Professor Keith Somerville, a writer and lecturer on African affairs, warns those interested in the truth about ivory poaching and smuggling to treat with extreme caution the recent stories in The Mirror and Independent, and repeated by the Environmental Investigation Agency, which offer no supporting evidence of Boko Haram’s alleged role in ivory poaching in Gabon. 

There is no evidence as the International Union for Conservation of Nature (IUCN) and the Wildlife Conservation Society (WCS) have told me, that Boko Haram, Nigeria’s militant Islamist group, has any role in ivory poaching. They do not poach or trade in ivory.

Gabon’s elephants are killed in large numbers by local, poor poachers who do it to survive.

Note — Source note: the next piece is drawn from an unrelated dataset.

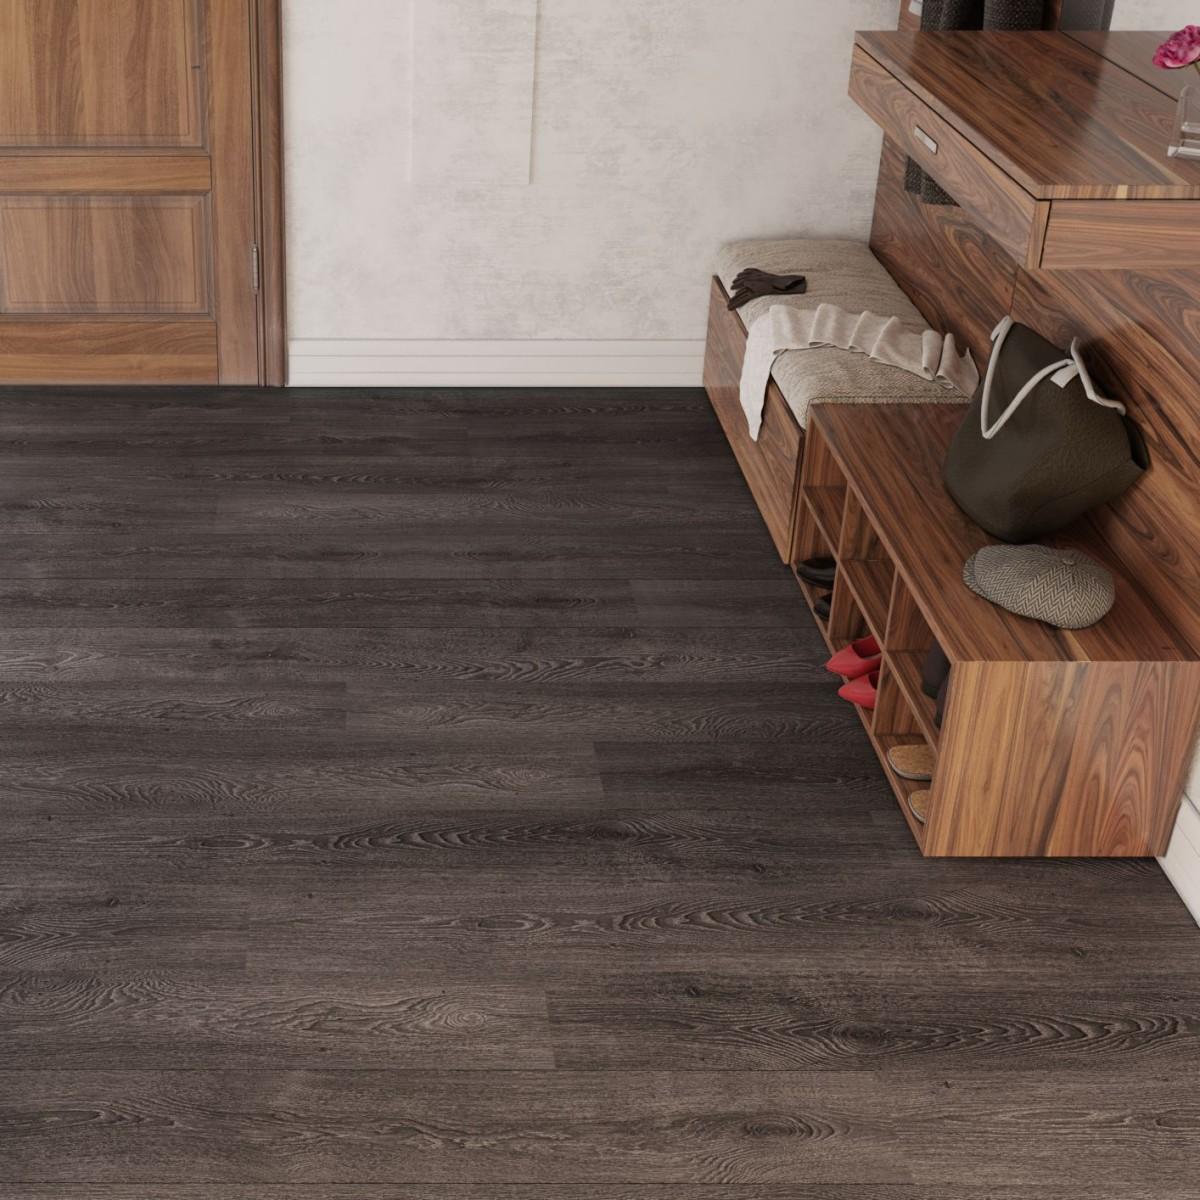 Ламинат Artens Дуб лоренц 33 класс толщина 8 мм 2.13 м²

They are commissioned by criminal syndicates (also involved in the illegal bushmeat trade) who smuggle the ivory out via Cameroon or through to Dar es Salaam in Tanzania or Mombasa in Kenya.

There is a major Chinese role though. Poaching and bushmeat hunting has worsened as Chinese-run or funded construction projects have carved roads into rainforests near parks.

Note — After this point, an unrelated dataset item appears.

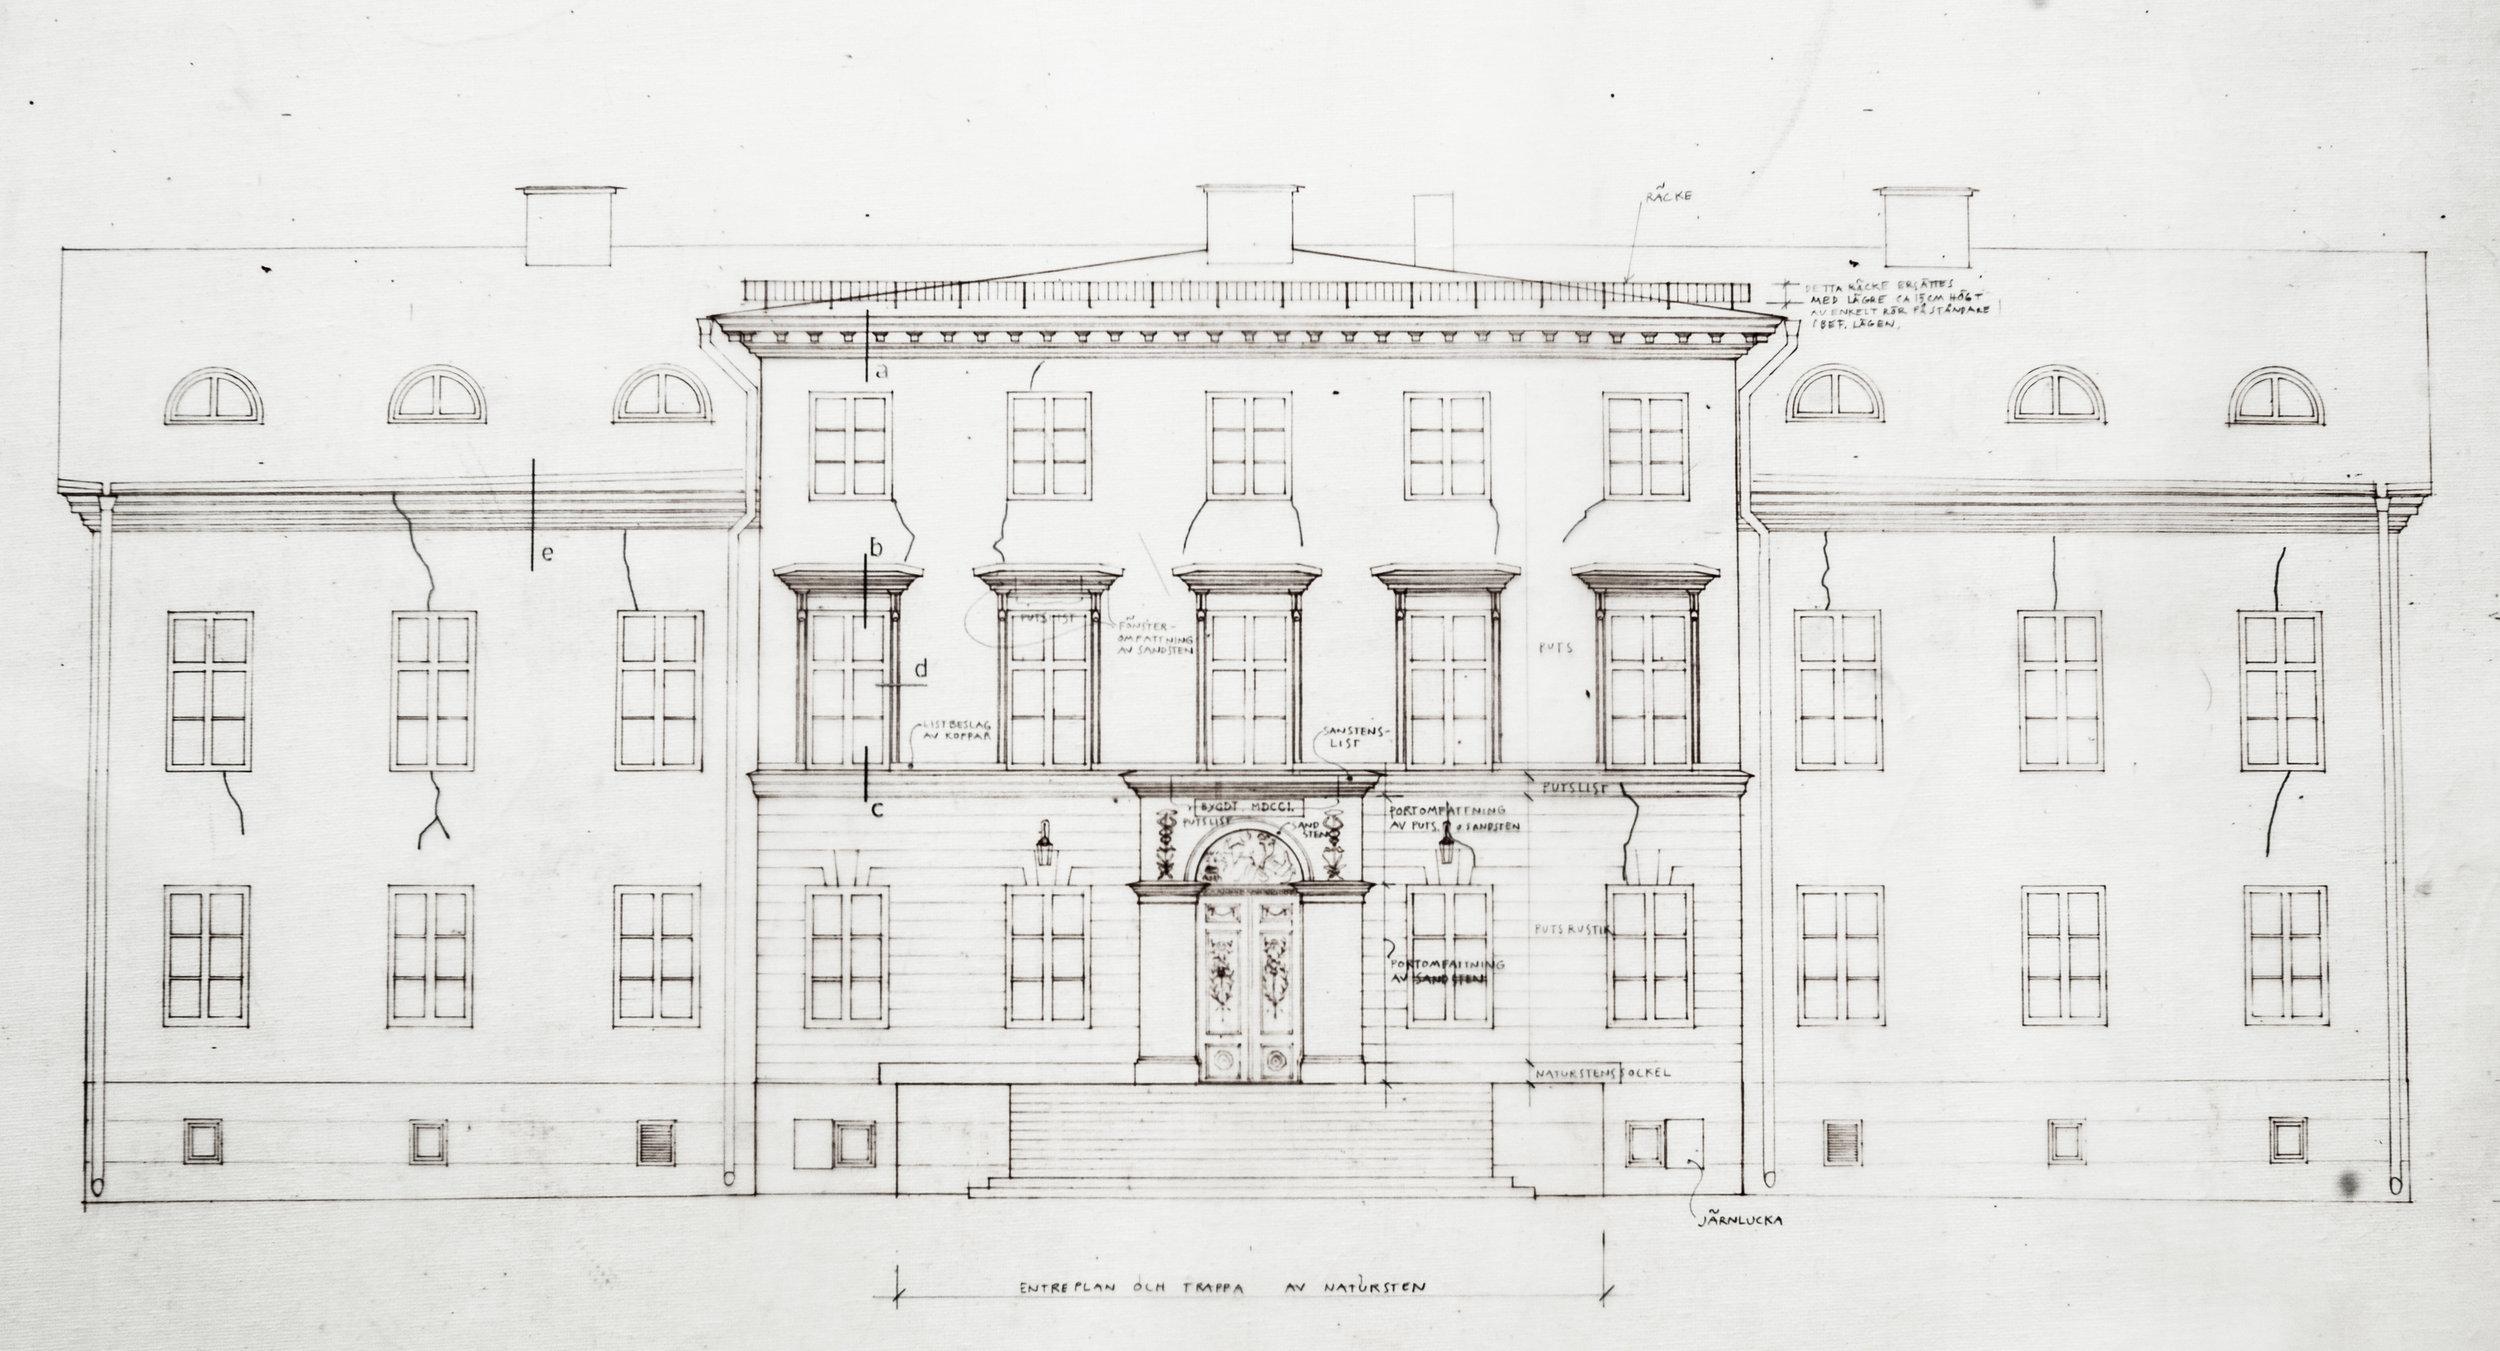 Ritning Garpenbergs Slott Anno 1801

Gabon, despite huge oil wealth, puts little cash into poverty alleviation or anti-poaching, which is one reason poaching has continued. Read my book, Ivory: Power and Poaching in Africa and Poaching. Wildlife Trafficking and Security in Africa: Myths and Realities, a joint publication from the independent think tank Royal United Services Institute (RUSI) and King’s College London’s Marjan Centre for the Study of War and the Non-Human Sphere, to get the full story, not the convenient fiction that suits corrupt governments and NGOs hungry for any publicity.

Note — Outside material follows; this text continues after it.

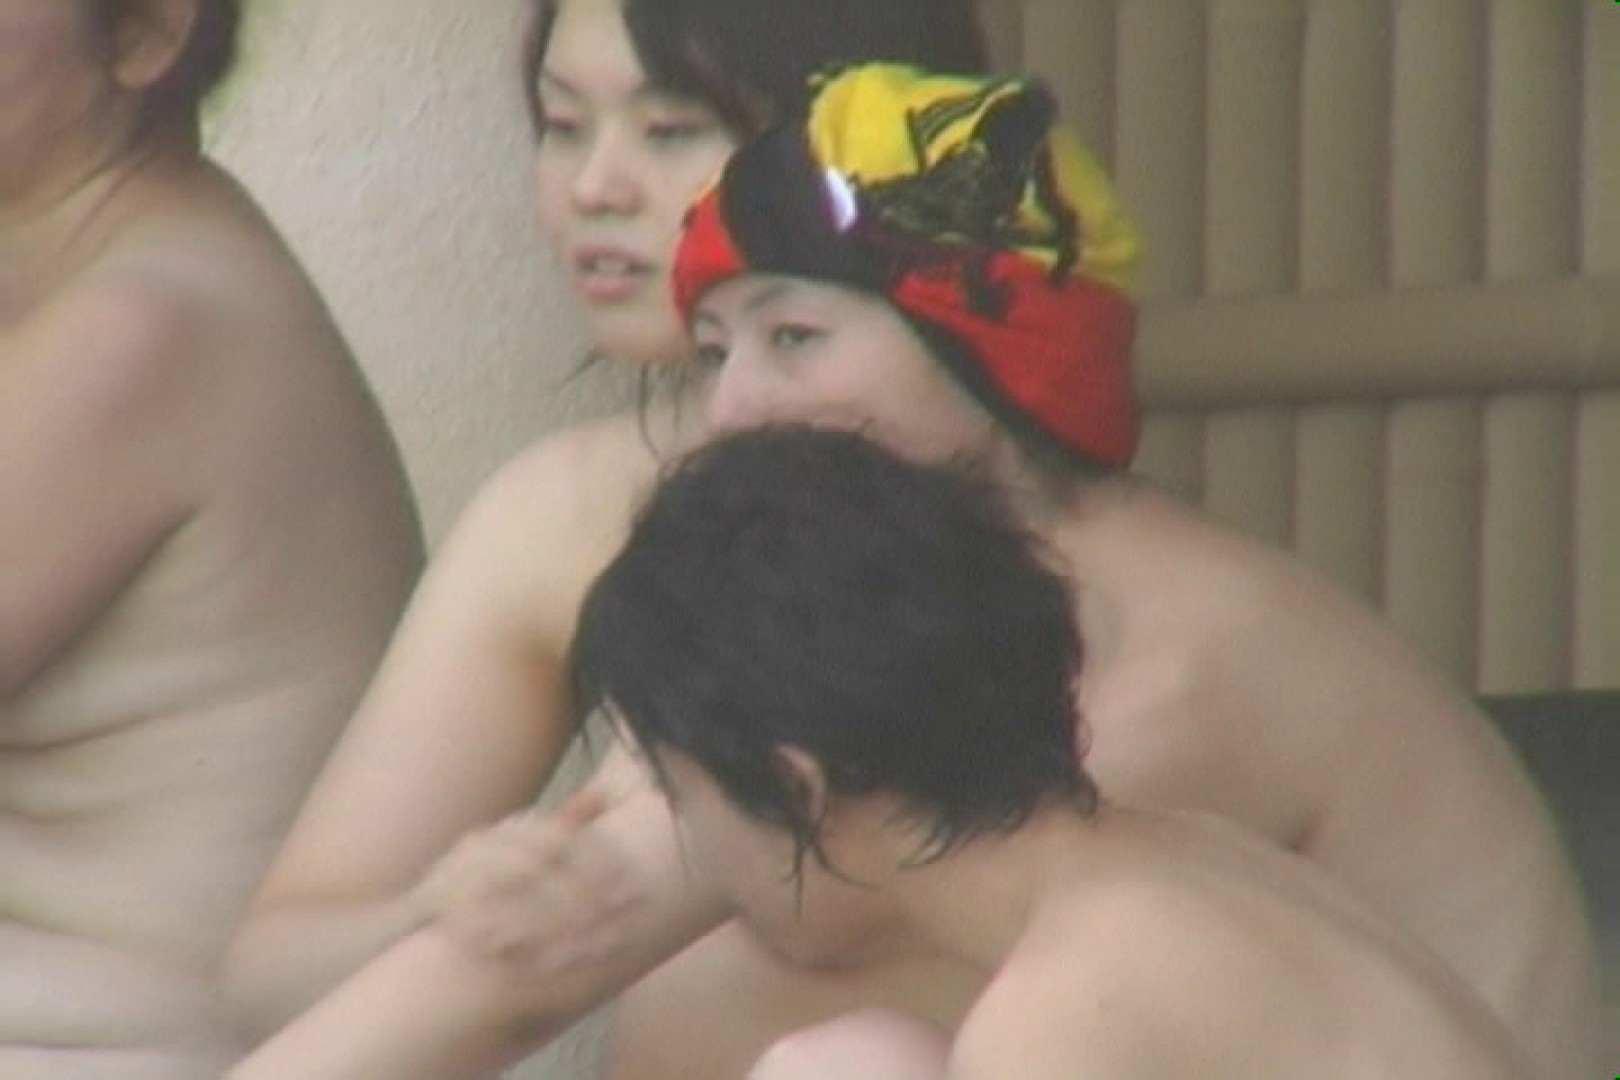 Aquaな露天風呂Vol.61【VIP限定】 露天 | OL女体  102連発 28

The British army has a small training team in Gabon, trying to teach the understaffed and underpaid rangers how to combat organised poaching, and no doubt it serves both the Gabonese and British governments well to present the role as one of protecting elephants and fighting terror.

But Gabon is distant from northern Nigeria and no reputable international wildlife organisations or ivory trade researchers have found any link between Boko Haram and the ivory trade.

Like the fictitious ‘Al Shabaab funding itself from ivory’ story, which was disproved by the authors of the RUSI and King’s publication, it is convenient for African and some Western governments to promote this joining of two evils, but the real problems of poverty, corruption and greed are driving poaching, not insurgency.

Professor Keith Somerville is a senior research fellow at the Institute of Commonwealth Studies at the School of Advanced Study, University of London. He is also research associate at the Marjan Centre for the Study of War and the Non-Human Sphere at King’s College, London and a member of the Durrell Institute of Conservation and Ecology at the University of Kent. His latest publications are Ivory: Power and Poaching in Africa and Africa’s Long Road Since Independence: The Many Histories of a Continent.